AIM OF THE EXERCISE
All lines from the one that contains "Screenshot_2020-01-20-02-17-50-327_com.android.contacts.jpg" to the end of the data must be retyped exactly. Pictures are not retyped.

SOURCE DATA
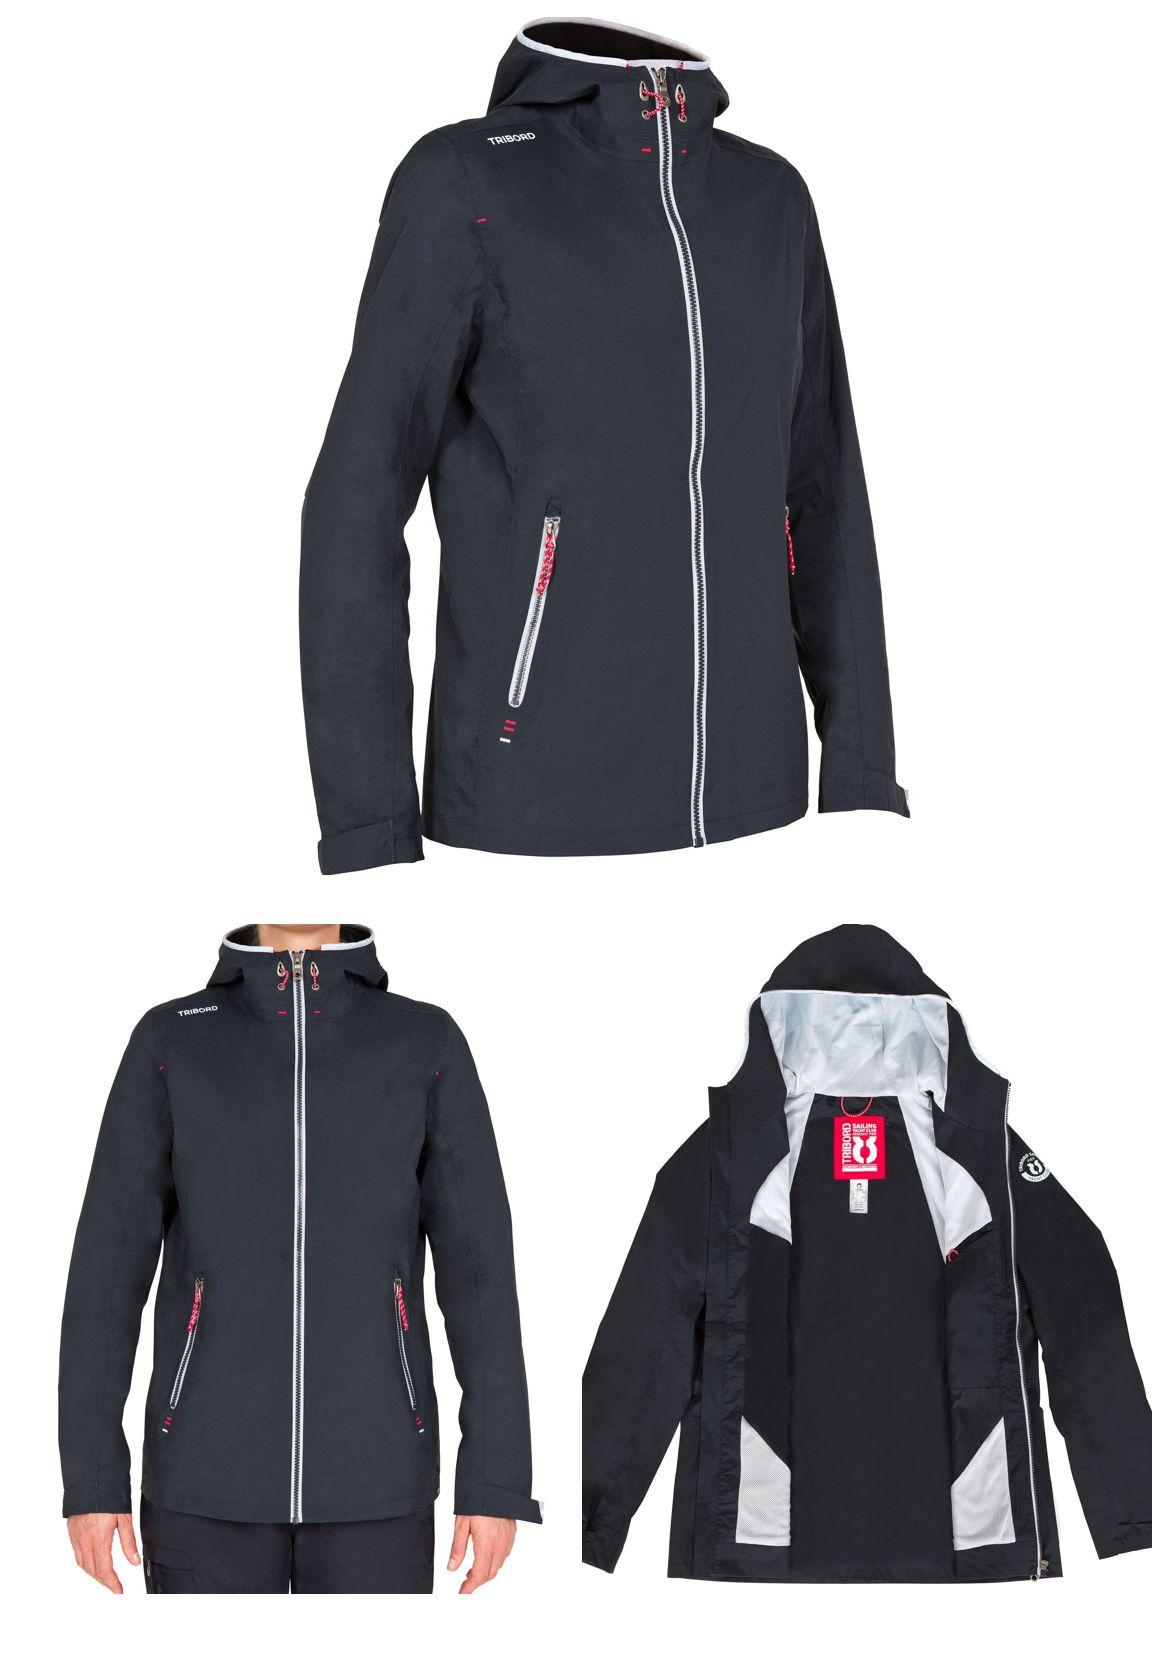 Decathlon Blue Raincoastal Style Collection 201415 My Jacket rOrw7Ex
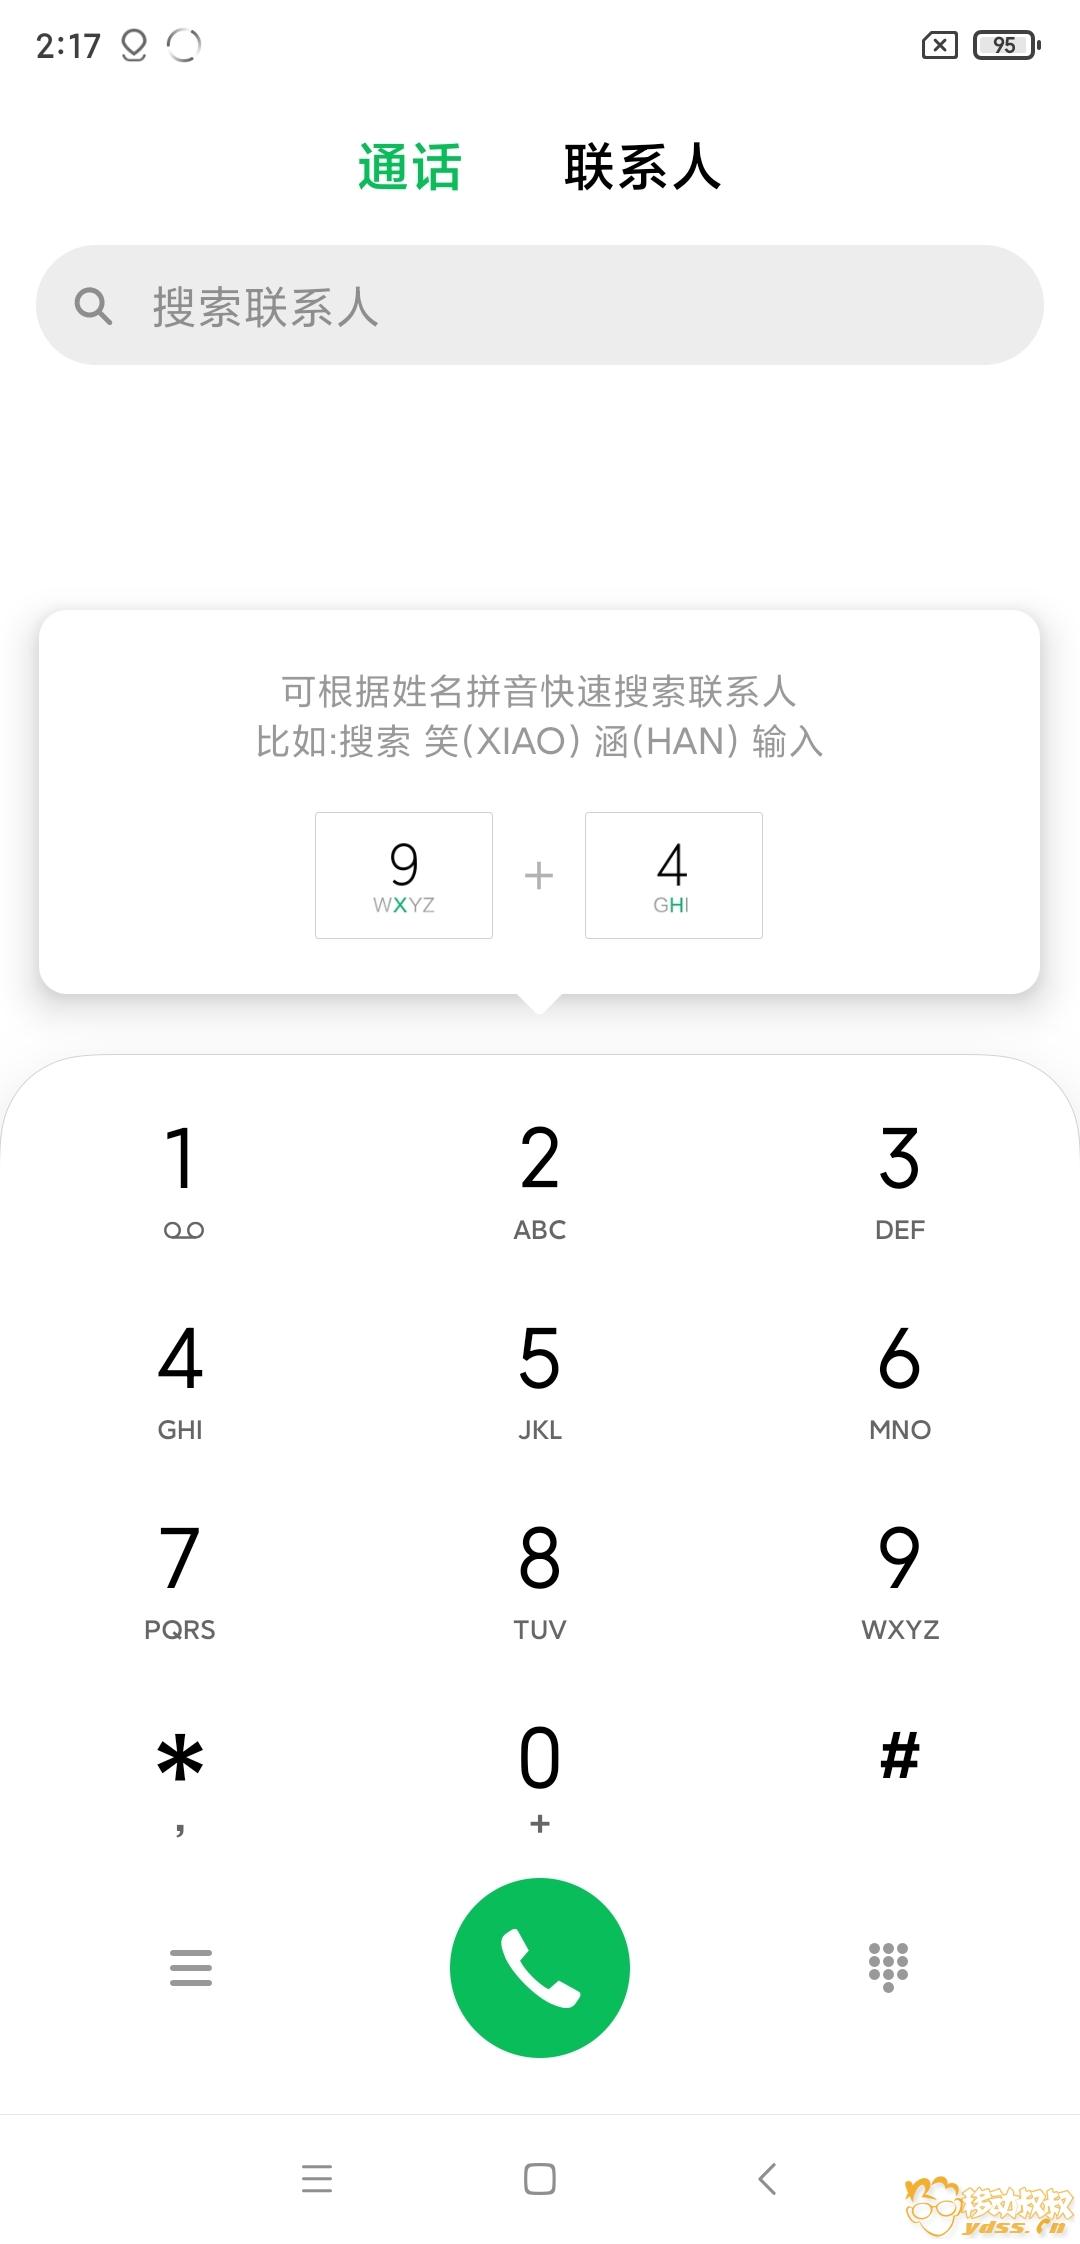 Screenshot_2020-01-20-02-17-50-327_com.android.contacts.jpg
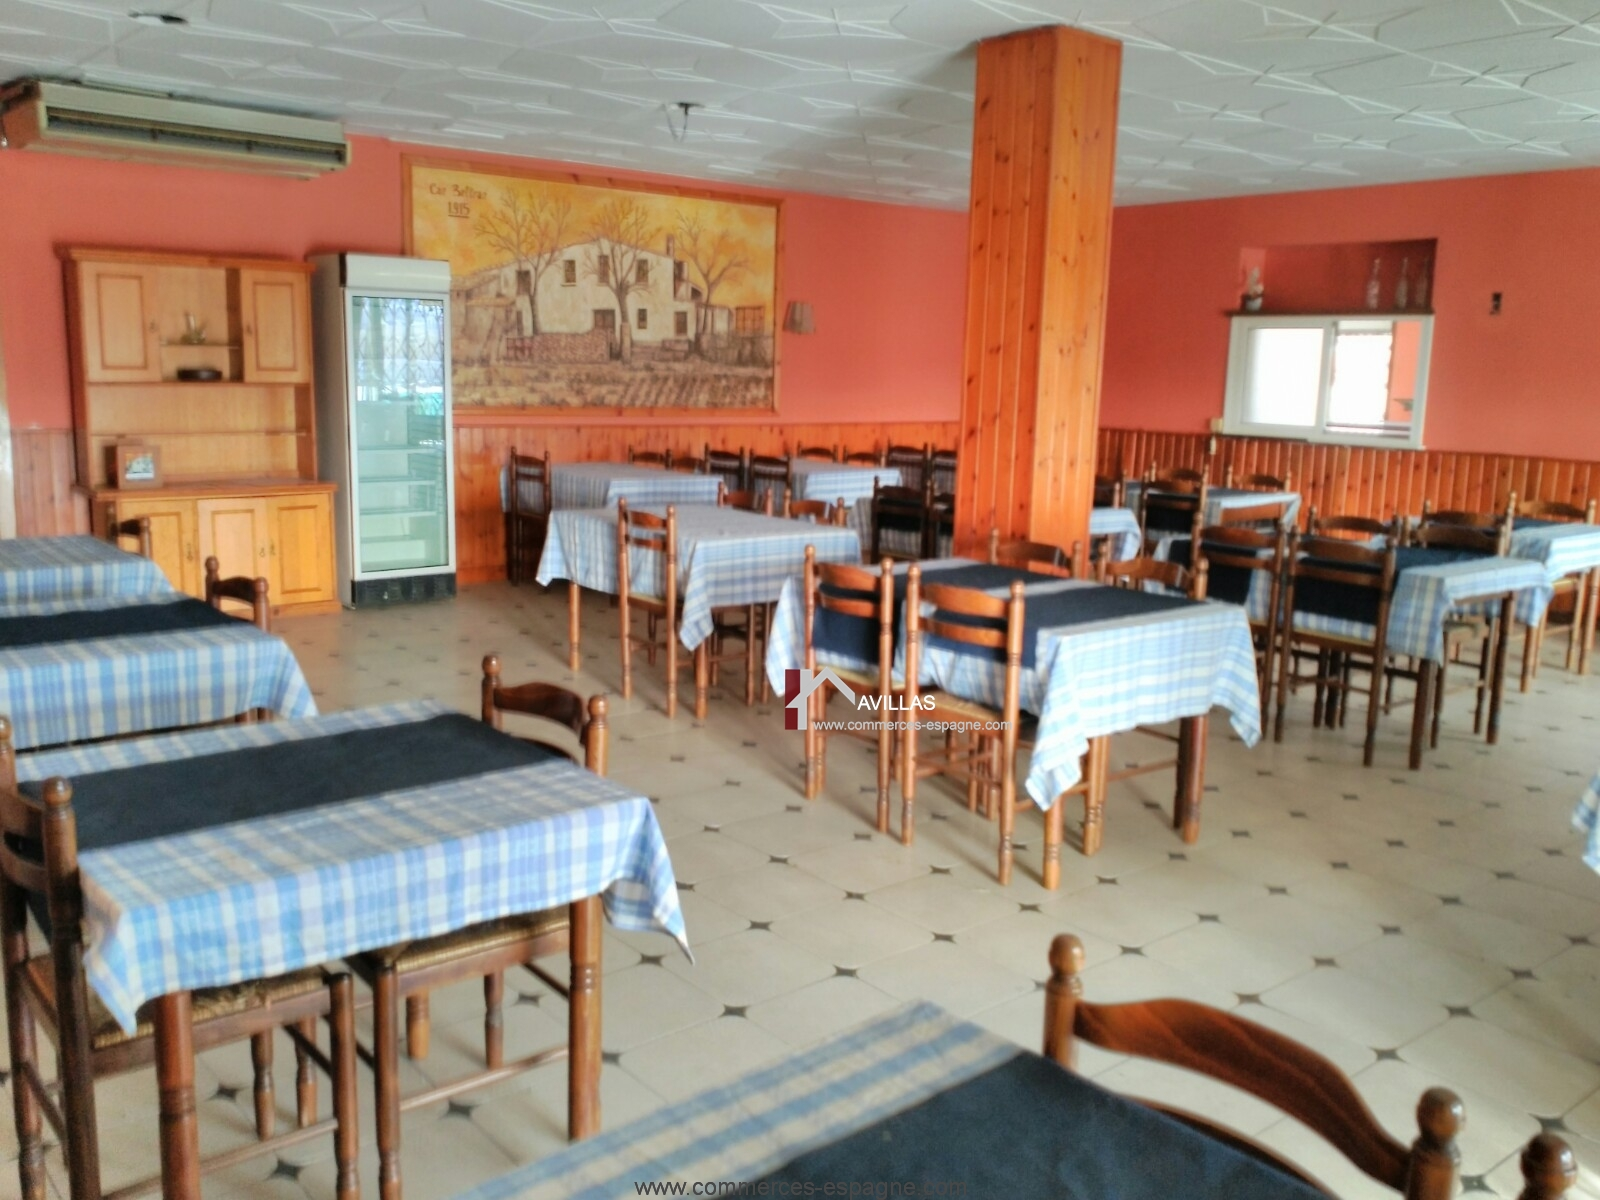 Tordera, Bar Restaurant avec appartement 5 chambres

RESULT FOR THIS EXERCISE
 Screenshot_2020-01-20-02-17-50-327_com.android.contacts.jpg
 Tordera, Bar Restaurant avec appartement 5 chambres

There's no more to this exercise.